- Born: 1986 (age 39–40) Uganda
- Citizenship: Uganda
- Education: Makerere University University of California Global Health Institute University of New South Wales
- Occupations: Anesthesiologist and academic
- Years active: 2009–present
- Title: Senior lecturer in Anesthesiology at Kabale University

= Isabella Epiu =

Ugandan anesthesiologist

Isabella Epiu is an anesthesiologist and critical care medicine specialist in Uganda. She is reported to be the first female anesthesiologist in the countries of the East African Community to graduate with a Doctor of Philosophy degree. In 2023, she graduated from the University of New South Wales in Sydney, Australia with a PhD in Medicine, specializing in neuro-respiratory physiology and health economics.

==Background and education==
Epiu is an Ugandan national by birth, born in Jinja District circa 1985. Her father is Pastor Richard Honorat Epiu.

She excelled in primary and middle schools in her home district before transferring to Gayaza High School in Wakiso District. She was admitted on government scholarship into Makerere University School of Medicine, where she graduated with a Bachelor of Medicine and Bachelor of Surgery degree. She went on to obtain a Master of Medicine (MMed) degree in Anesthesiology from the same medical school.

She won a scholarship from the National Institutes of Health to undertake a one-year Fellowship at the University of California Global Health Institute, based in the city of San Francisco. Her doctoral program in medicine and health economics (PhD), was conducted at the Prince of Wales Hospital (Sydney), at the University of New South Wales in Sydney, Australia.

==Career==
As of December 2023, Epiu's competencies include anesthesia, critical care medicine, emergency medicine, intensive care, and pain medicine. At that time, she was a senior lecturer in the Department of Anesthesia at the Kabale University School of Medicine, in the city of Kabale, in the Western Region of Uganda.

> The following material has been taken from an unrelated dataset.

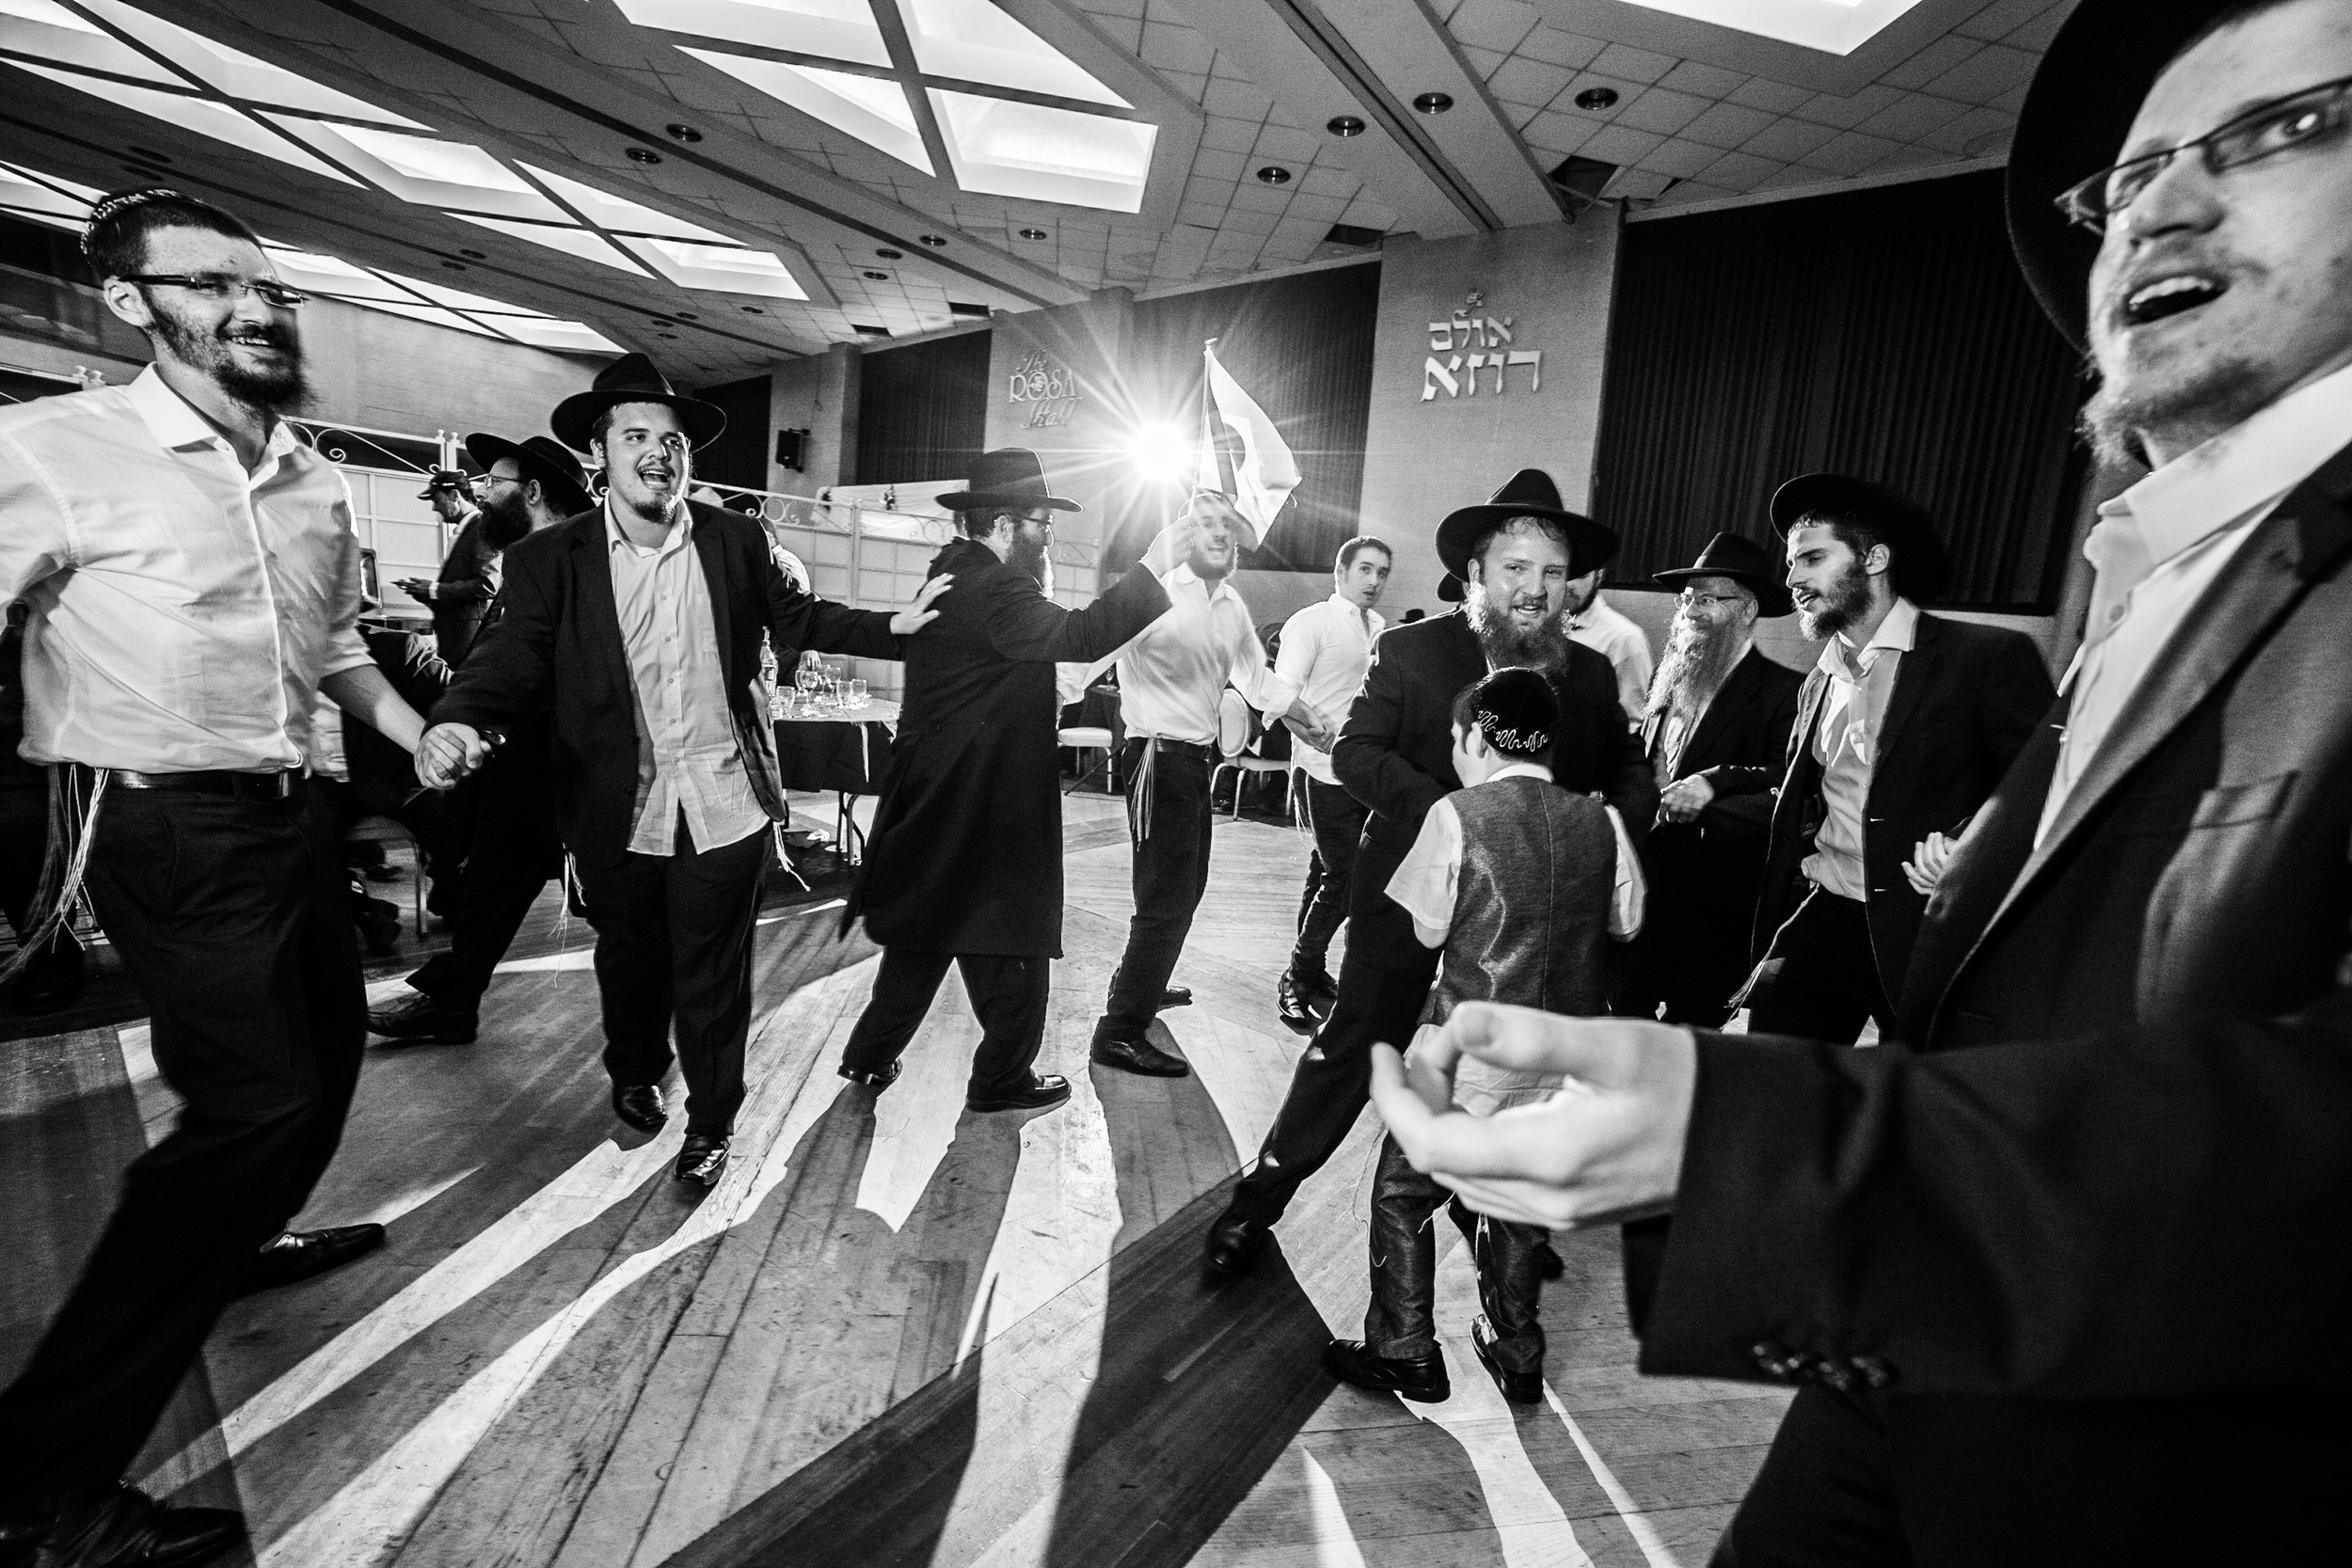 Wedding Iossi and Gitty Khafif  - Eliau Piha studio photography, new york, events, people 770 brooklyn -0980.jpg

Epiu has been an advocate for equitable access to safe obstetric anesthesia and perinatal outcomes. Her original research in the countries of the East African community drew attention to wide service gaps in this area. Her more in-depth evaluation of 64 mid-level hospitals in Uganda, opened a wider exposure of the problems. She has written newspaper articles in East African print media, drawing attention to the dire need for improvement in these areas. As a result of her advocacy, the Society of Obstetric Anesthesia and Perinatology (SOAP), based in Lexington, Kentucky, recognized her with the 2016 SOAP Media Award.

==Other considerations==
Since 2012, she has conducted research in maternal morbidity and mortality in the East African countries of Burundi, Kenya, Rwanda, Tanzania and Uganda. Later, she extended her research to 64 Ugandan hospitals. As a result of her research, she won several awards, including an NIH Fogarty Scholarship. She is the founder and director of Health Solutions International, a non-government organization. She is a Mandela Washington Fellow, part of the Young African Leaders Initiative program.

Epiu has multiple publications in the areas of her specialization.

In December 2023, the government of Uganda organized a special event at Kololo Independence Ground to celebrate Epiu's acquisition of a PhD. The chief guest at the event was the president of Uganda, Yoweri Museveni, who was represented by the vice president, Jessica Alupo.